Economic Considerations

The mean health care cost to patients and insurers was estimated to be $26,922 for ART-conceived singleton deliveries, $115,238 for ART-conceived twins, and $434,668 for ART-conceived triplets and higher-order infants 8).  The economic savings from reducing iatrogenic multiple gestations to singletons was estimated to produce a potential annual cost savings of approximately $1.3 billion by reducing ART-related preterm births (9) and 6.3 billion by reducing preterm births after both ART and non-ART fertility treatments (10).
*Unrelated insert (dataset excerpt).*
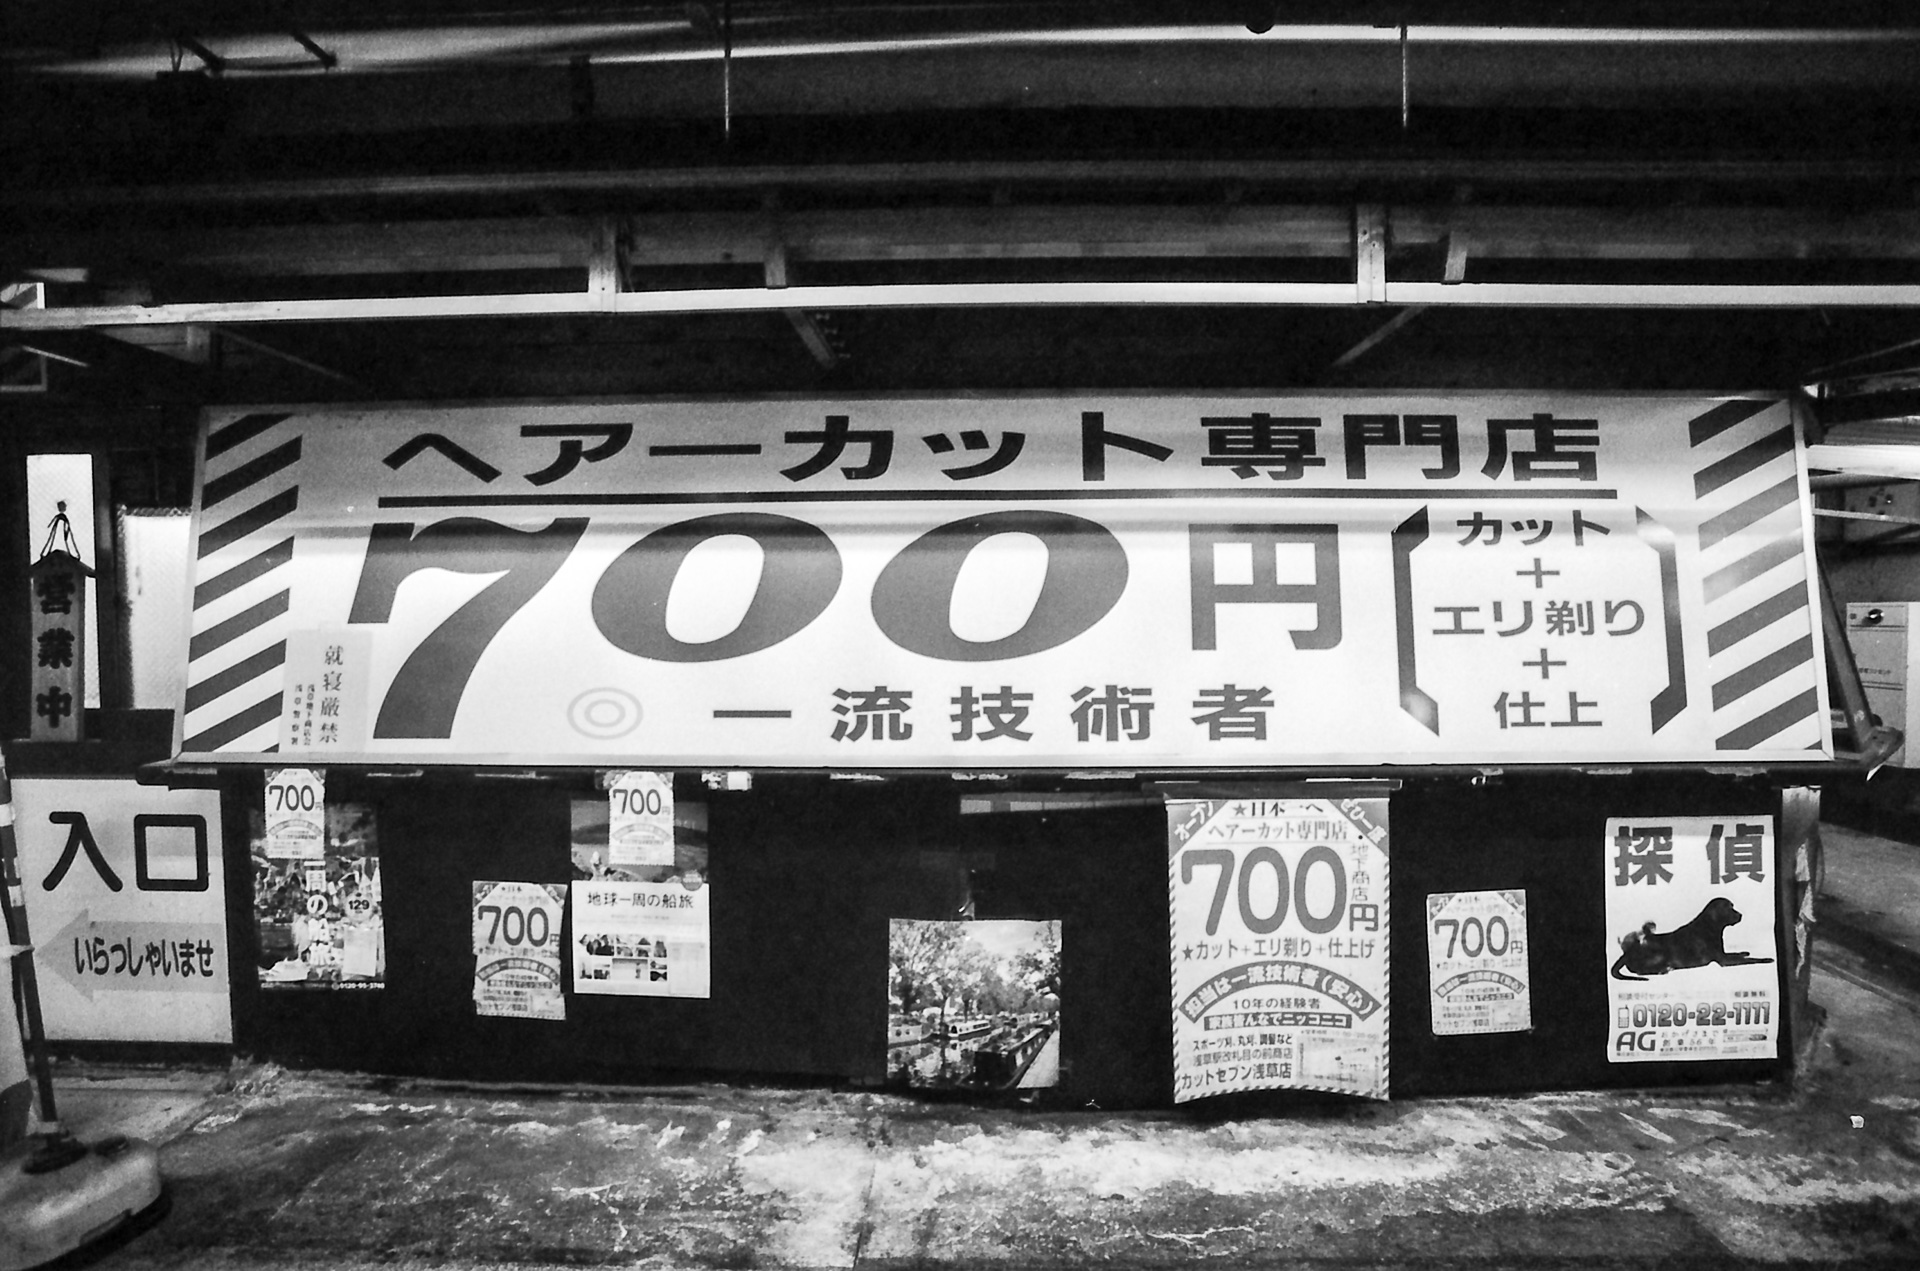 700円カット理容店 Canon EOS-1, EF 17-40mm F4L USM, Rollei RPX 400

While a few countries (e.g. Belgium, Sweden, and Turkey) have mandated SET, broader application of SET has been inconsistent, especially in the US (11). In April 2017 ASRM and SART issued new guidance calling for SET to be the standard first line choice for all women younger than 38 (12). Their recommendations included performance of SET up to age 42 if a confirmed euploid embryo was available. Age 42 was the oldest age for which ASRM guidance was offered. The new guidelines were, in part, prompted by an extensive international experience attesting to the efficacy of SET and SET coupled with chromosomal analysis in older women.  Recent studies have confirmed that the cumulative pregnancy rate with serial SET is superior to transferring a comparable number of embryos at one time (13).  This realization, along with the additional maternal and neonatal advantages, eliminated any meaningful advantage of transferring more than one embryo in a well performing ART program. While some progress has occurred since then, more than one embryo in women <35 was still placed in 20% of embryo transfers performed in frozen cycles and 30% of fresh cycles in 2018 (4).

Impediments to Adoption of SET

Multiple factors have been identified that have impeded broader implementation of SET (14). These include the need to achieve optimal and competitive success rates, lack of appreciation of the inherent risks of multiple pregnancy, patient and provider preferences and economic drivers. These obstacles have been largely mitigated by recent developments. There have been technologic advancements in the laboratory and clinical aspects of ART which have produced progressive, incremental increases in implantation rates (IR) since 1980 that have only plateaued in the past 10 years. Acceptable and competitive IR with SET are the result.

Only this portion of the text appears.